応接間に通された瞬間、ルイーゼは事の経緯をセザールに説明する。隣には緊張した様子のヴァネッサがいる。
セザールは上座の席で葉巻を吹かせながら、足を組んで座っていた。
ラフなシャツとスラックス姿なので、ちゃんと男に見えるが、シルバーブロンドを束ねるリボンは可愛らしい桃色だった。
滅多に王都へ出てくることがない引き籠り騎士なので、この機に昔の知り合いなどに顔を見せておきたいらしい。というか、自分から皆屋敷に見物に来ているようだ。客寄せパンダ状態。
そのため、すぐに自領へ帰る予定だったが、一週間は王都の邸宅に滞在するようだ。引き籠りも楽ではない。
「ということで、セザール様。ヴァネッサの修業をお願いします」
「断る」
あっさりと即答されて、ルイーゼは顔を引き攣らせた。
「何故、未婚の我がそんなことを……花嫁修業などとは縁遠いと思うのだが。常識を身につけてから出直せ」
「一般論を言ったからって、あなたに常識があるとは思えませんけれどね!」
ルイーゼはすかさず突っ込んだあとに、コホンと咳払いする。
「だって、ユーグ様は自分が認めた女性とは結婚しても良いとお考えのようでしたので……つまり、ユーグ様が認める理想の女性像に一番近いのは、セザール様なのではないかと」
「いや、我は男だぞ」
「珍しく一般論を連続発言されましたわね」
「常識的に考えろ」
なんだかんだ、ギルバートの身柄を引き受けたり、エミールやユーグのことを可愛がるセザールだ。

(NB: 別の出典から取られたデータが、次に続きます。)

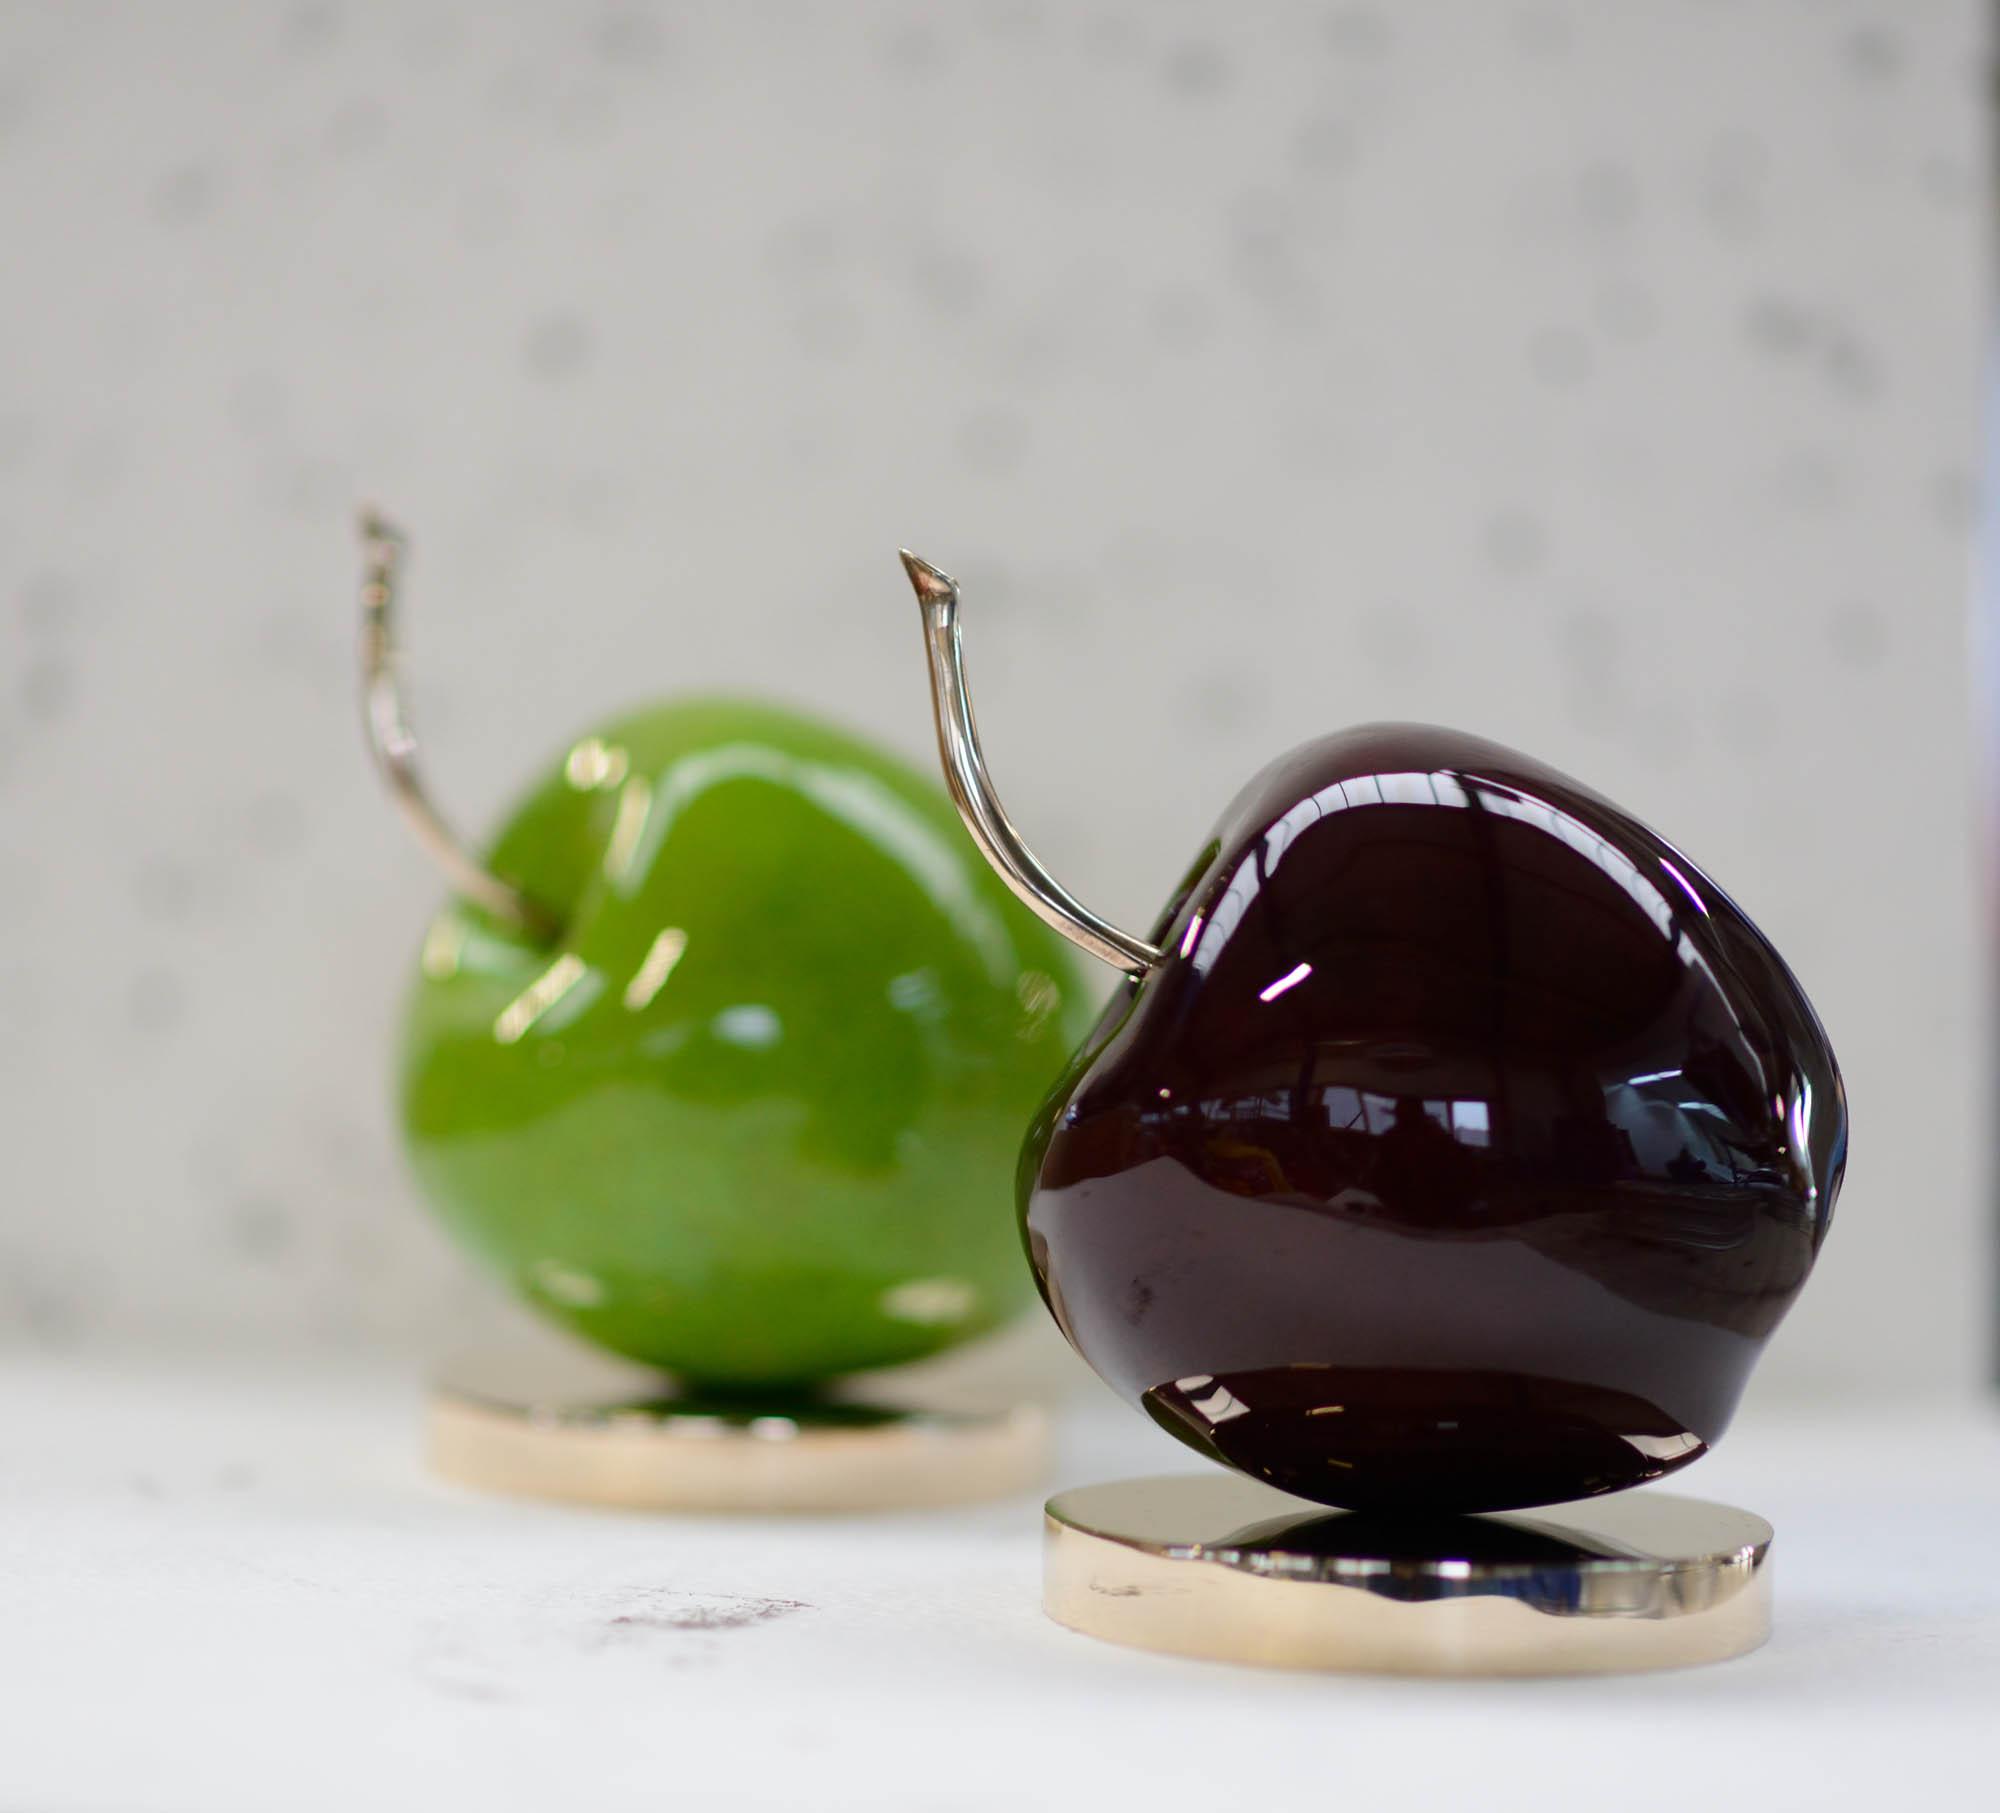 fruit-apple-03-apple-granny-dark-red

ヴァネッサのことも快く引き受けてくれると思っていたが、そうはいかないらしい。
この非常識なオッサン、意外と手強い。チョロインのようにはならないようだ。
アプローチを変えるべきか。
「美の秘訣を学ぶためですわ」
「よかろう、なんでも聞くがいい」
うわー……あっさり食いついたー……ルイーゼは半目になりながら、乾いた笑みを浮かべた。全然手強くなかった。このオッサン、やはりチョロインだった。

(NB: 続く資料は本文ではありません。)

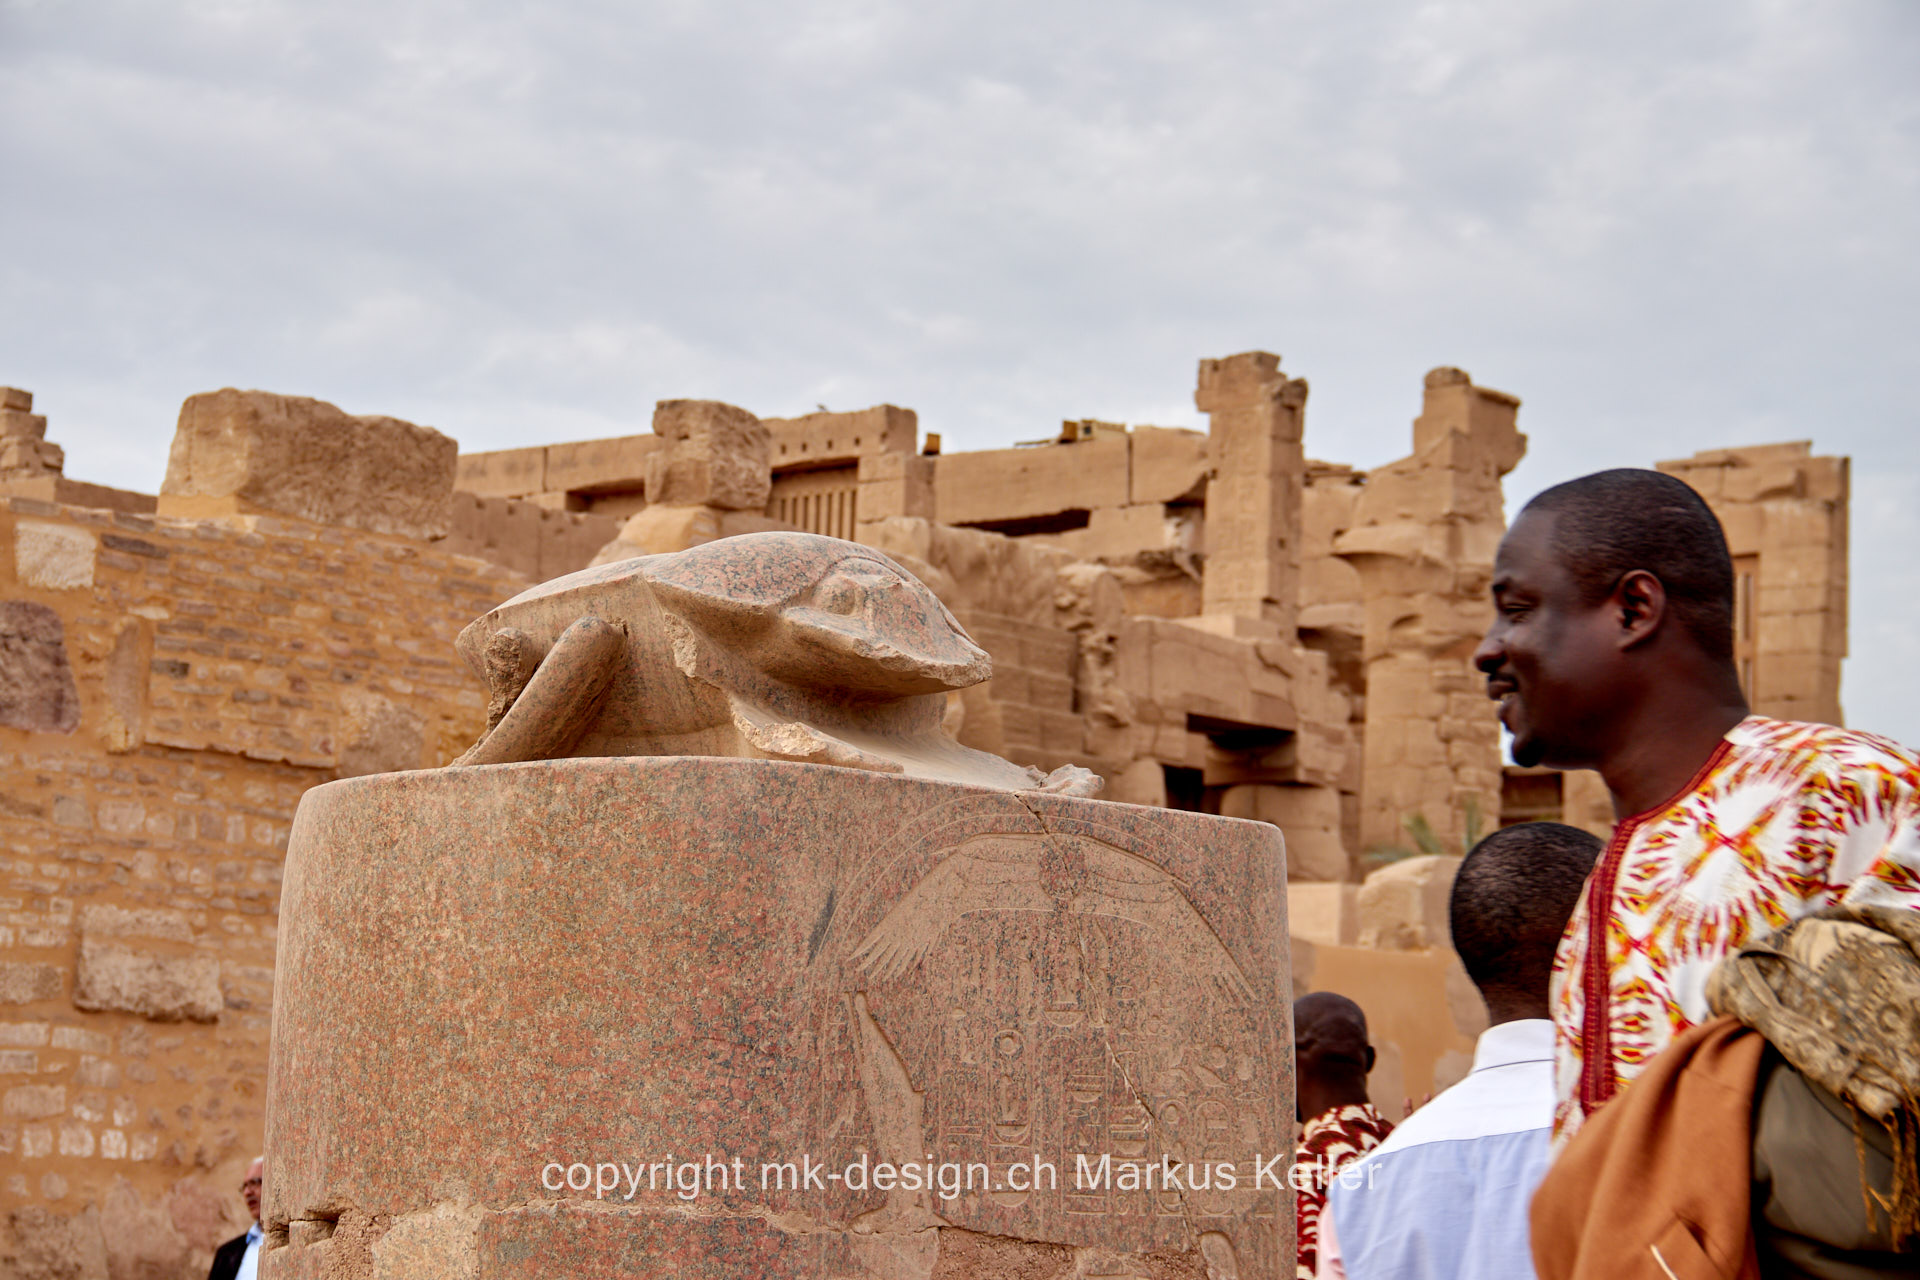 Bauwerk   Tempel   Karnak   Statue/Skulptur

セザールの了承を得たことで、ヴァネッサの表情が和らぐ。
少し緊張していたようだ。相手は奇傑で有名な
ヴァネッサはおずおずとセザールの前に歩み出る。
「あの……よろしくお願いします! 私、精一杯がんばらせてもらいますわ!」
体育会系の部活漫画みたいなハキハキした声で、ヴァネッサは深々と頭を下げた。腰の角度が九十度。なかなか良いお辞儀だ。
ルイーゼは頷きながら、二人を見守った。
「それで、我になんの教えを請うつもりだ?」
花嫁修業と言っても、いろいろある。
まずはなにから学ぶべきか。
ユーグがルイーゼを認めたきっかけは、彼に勝ったからだ。以来、ユーグはルイーゼのことを「姐さん」と慕っている。
けれども、ヴァネッサが今からユーグに勝つほどの女子力(物理)を身につけるのは難しい。ルイーゼ並みの訓練をしたところで、前世の知識チートがないヴァネッサには無理だろう。匙加減を間違えば筋肉隆々令嬢になる可能性もある。
「なにか得意なことはあるか?」
セザールがそれっぽいことを聞いている。
今のところ、常識人っぽい言動ばかりで、なんだか腹が立つ。何故だ。このオッサンが常識的に見える瞬間は、非常に腹立たしかった。
後ろを見ると、ルイーゼの感情を悟ったのか、ジャンが物欲しそうな眼でこちらを見ていた。
ルイーゼは二人の邪魔にならないよう、静かにジャンを縛り上げておいた。今日はM字開脚縛りだ。
「よろしゅうございます! お嬢さま! そのまま鞭打ってくださいませ!」
「せっかく、人が静かに縛ったのに、台無しにしないで頂けますか?」
ルイーゼは鞭打ちの代わりに、ジャンの側頭部を蹴り飛ばしておいた。
「得意なこと、ですか。刺繍はよくしますわ」
刺繍は貴婦人の嗜みとして文句ないだろう。ヴァネッサは少し恥ずかしそうに、自分が刺繍したというハンカチを取り出した。
「ふん、なかなかだな」
「ありがとうございます」
「裁縫は?」
「したことがありませんけれど、教えて頂ければ出来る気がします」
では、裁縫を仕込んでも良さそうだな。と、セザールは頷く。方針が一つ決まった。
もっとも、日本と違ってこの国の貴族の花嫁修業に裁縫など家事は含まれない。だが、ユーグの女子力 (オネェ)が高すぎるので、認められるには極める必要があると思われる。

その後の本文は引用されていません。